COST = mutants × suite-time. Levers:
  test selection (run covering tests) · diff-scope · parallelize · sample
COVERAGE caps SCORE (unrun line ⇒ unkillable mutant).

GATING: gate the DIFF, not repo · suppress with reasons · baseline threshold
        score routes attention, humans judge · never a global OKR (Goodhart)

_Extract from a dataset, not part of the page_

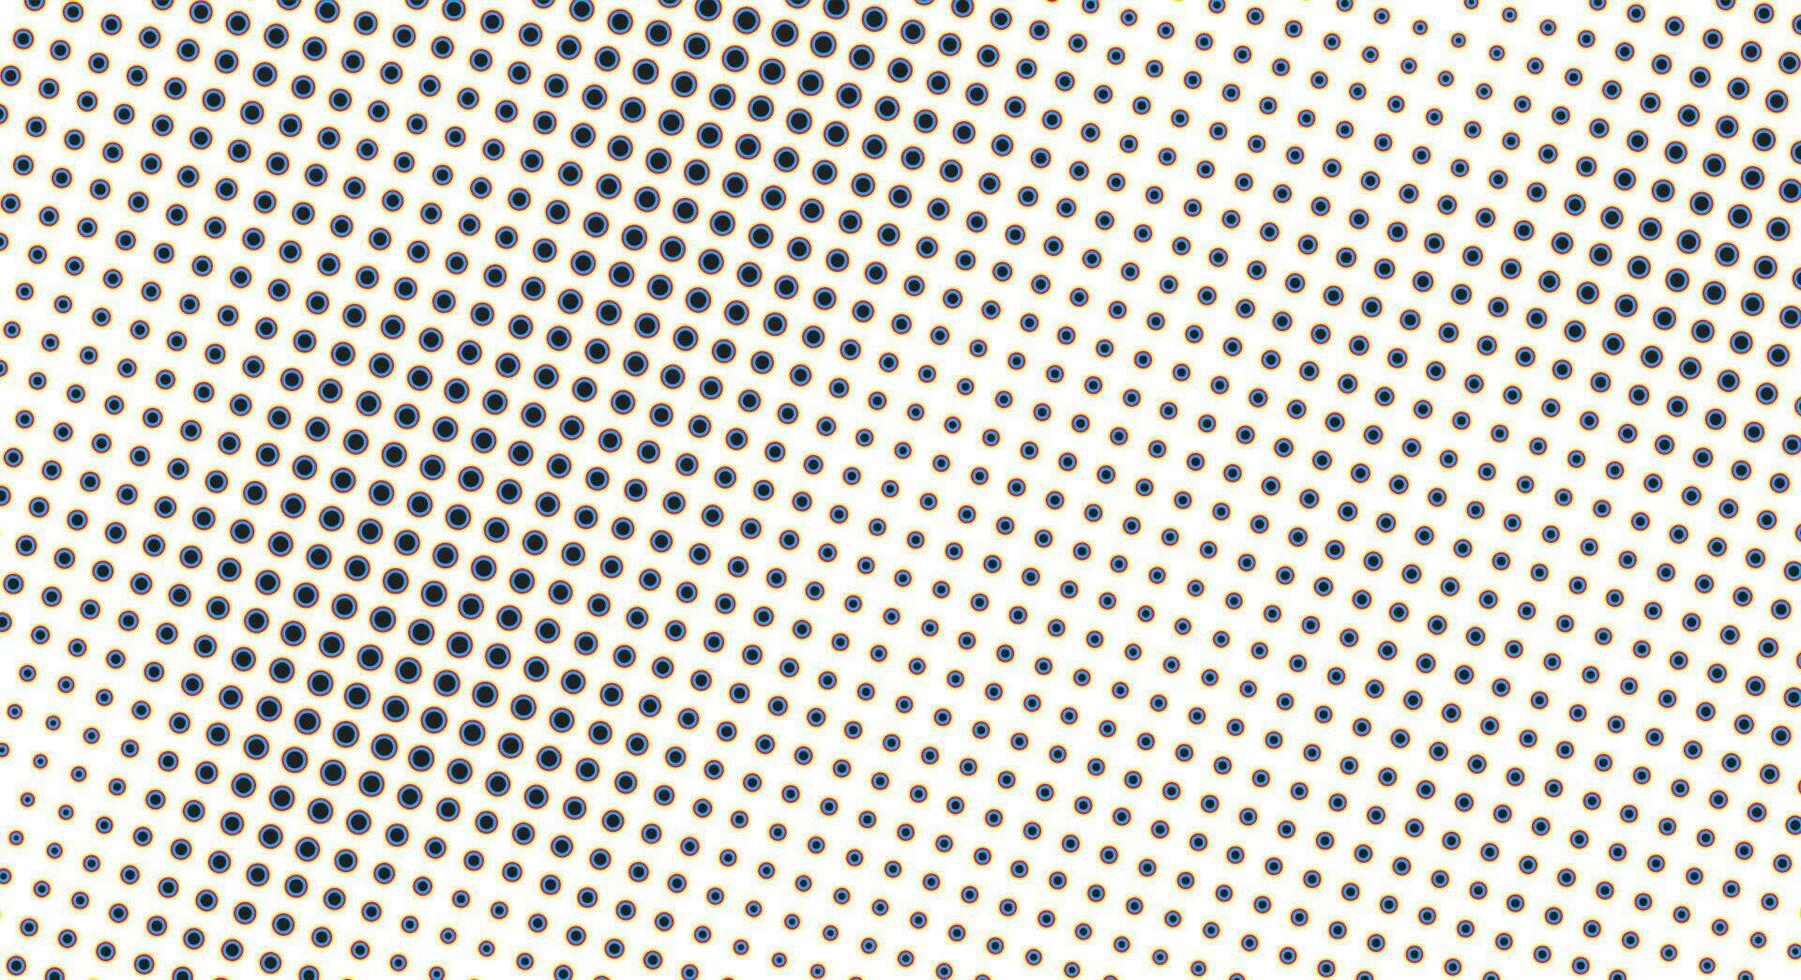 cmyk punt abstract backdrop in wit en blauw tonen in grunge stijl, monochroom achtergrond voor bedrijf kaart, poster, interieur ontwerp, sticker, website, reclame vector

USES: audit weak suites · validate suite BEFORE a refactor · harden Tier-A code
TOOLS: PIT(JVM) Stryker(JS/TS/C#) mutmut/cosmic-ray(Py) gremlins(Go) cargo-mutants(Rust)

Summary¶

Every strong mutation-testing answer routes through one sentence: coverage proves a line executed; mutation testing proves a line is actually tested. From there, demonstrate mechanics (operators map one-to-one to missing assertions; the boundary mutant is killed only by an exact-edge test), the honest score (killed / (total − equivalent), never 100% because of undecidable equivalent mutants), and — most important for seniority — the practical realities: cost is mutants × suite-time, mitigated by test selection, diff-scoping, and parallelization; gate the diff not the repo to avoid Goodhart; and aim the tool at load-bearing code, especially to validate a suite before a refactor or audit a legacy suite. Candidates who think "killed" is bad, want a global score OKR, or never mention cost are the red flags.